If you prove you can do the job, there is no reason for anyone to question why there is a woman in the newsroom
Funnily enough, I have only become aware retrospectively of the little niggles that there were in the newsroom. At Westward TV, I was making and directing a documentary from the Dartmouth Royal Naval college and I remember I had a crew of seven for whom I was responsible. The only other woman was the production assistant. On the first night, one of the admirals came up and said to our cameraman, Gerry Ewens, ‘well, who is in charge here then?’ Assuming it was Gerry who was very tall and self-assured. I was only about 23 at the time and Gerry pointed directly to me and said, ‘she is.’ It proved to me that if you show you can do the job, you’ll get the respect without a problem.
Similarly, when I went to BBC TV news there were a few people who thought, ‘flippin’ heck, a woman?’ and when I first reported in Northern Ireland at the height of the Troubles, the cameraman on that report was a bit iffy about working with a woman (we soon sorted that out, I might add). But after we got back, one of my male colleagues in the newsroom came up to me and said, ‘that piece to camera you did was one of the best pieces of journalism I have seen from Northern Ireland in a very long time.’ I was absolutely glowing, and I think that is an example of if you can do the job you will be respected for that, regardless of gender.
I am a great advocate of saying we should stop pitting men against women
You should simply have broadcasters who are good at what they do. That is the bottom line. It should be the best person for the job doing the best they can, regardless of that person’s gender or ethnicity – and for the most part that is what happens. Maybe there are certain circumstances where you could assume that a woman may have more empathy with a particular situation or be more sympathetic or whatever. But then listen to some of the reports that Fergal Keane has done from South Africa. Absolutely outstanding. Man or woman, it doesn’t matter. If you are good at your job, if you are a good human being if you are riddled with humanity, as well as journalistic integrity and ability, you are going to bring the very best to that story. Going all the way back to when Michael Buerk did the famous reports on Ethiopia: would a woman have done any better? Well, we will never know…but we do not need to know because what he did was so brilliant.You may get some men who are not very empathetic, but then you simply wouldn’t send them on a difficult emotional story. And similarly there may be female reporters that you wouldn’t send either. You send the best person for the job.
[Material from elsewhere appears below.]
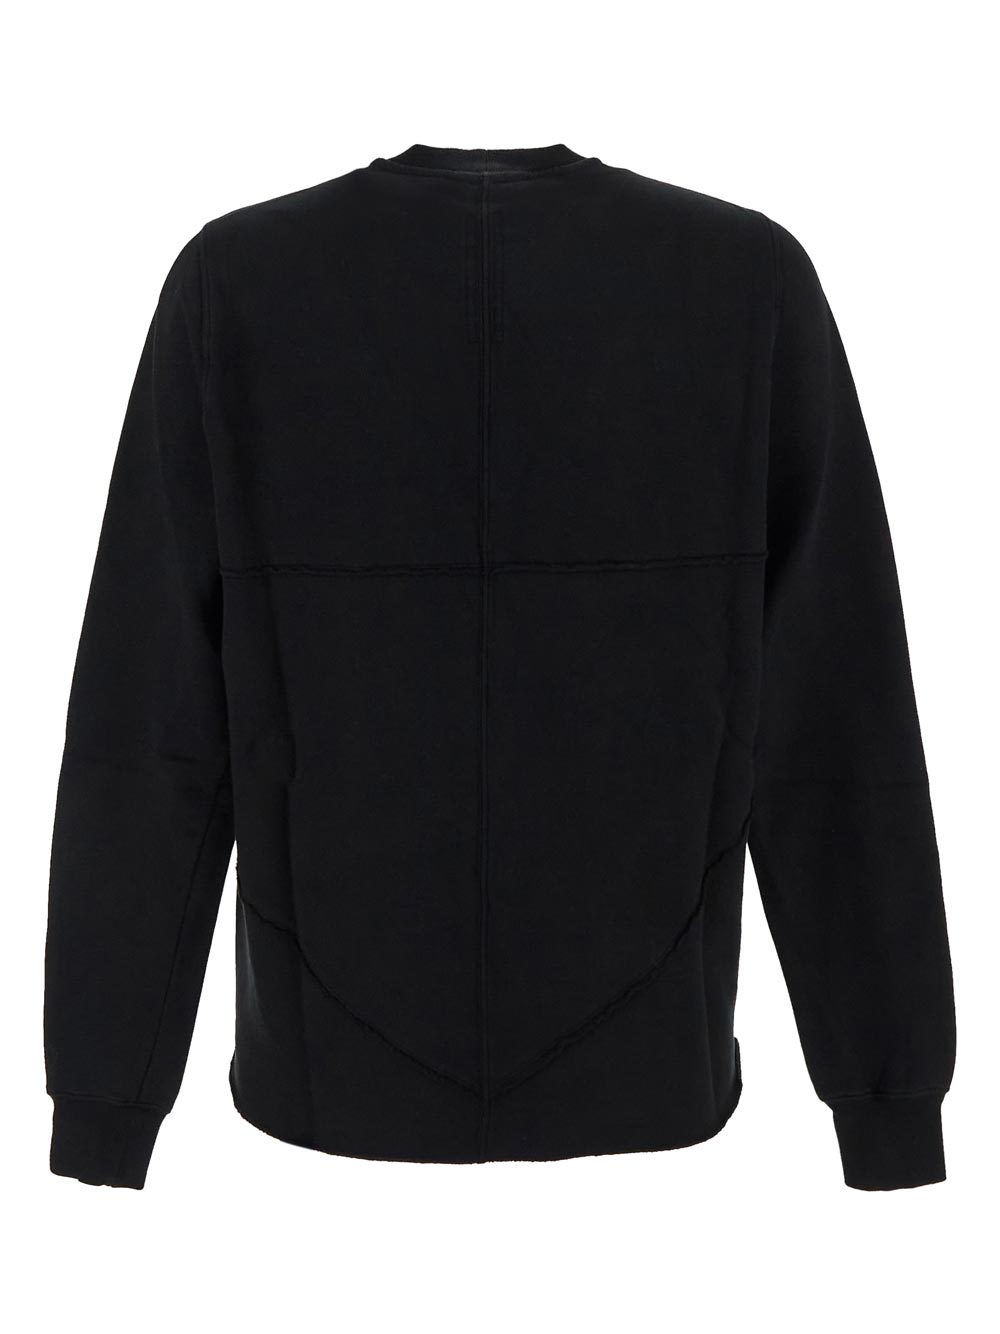 RICK OWENS DRKSHDW Sweatshirt black

Luck isn’t just being in the right place at the right time but being able to do the job once you get the opportunity
Otherwise, good fortune counts for nothing. If you’re bad at what you do it doesn’t matter how much luck you get, it’s not going to work for you. But if you are good at what you do and you sometimes have the luck to know the right person to make the introduction for you, or that you happen to be there on the night when a big story breaks, then you can make it work in your favour. Luck on its own isn’t enough. It is the combination of years of experience and hard work so that you can make the most of an unexpected opportunity.
Young pioneers; have faith in yourself
Have confidence in yourself but back it up by putting in the work. Don’t assume you can just float into job because you want to be famous – that won’t last long. And you might become famous for being a failure! So have faith in yourself, trust in yourself but also be sure that you can do the job. That doesn’t mean being cocky because that won’t get you many friends. But be able to prove to whoever employed you that they made the right decision.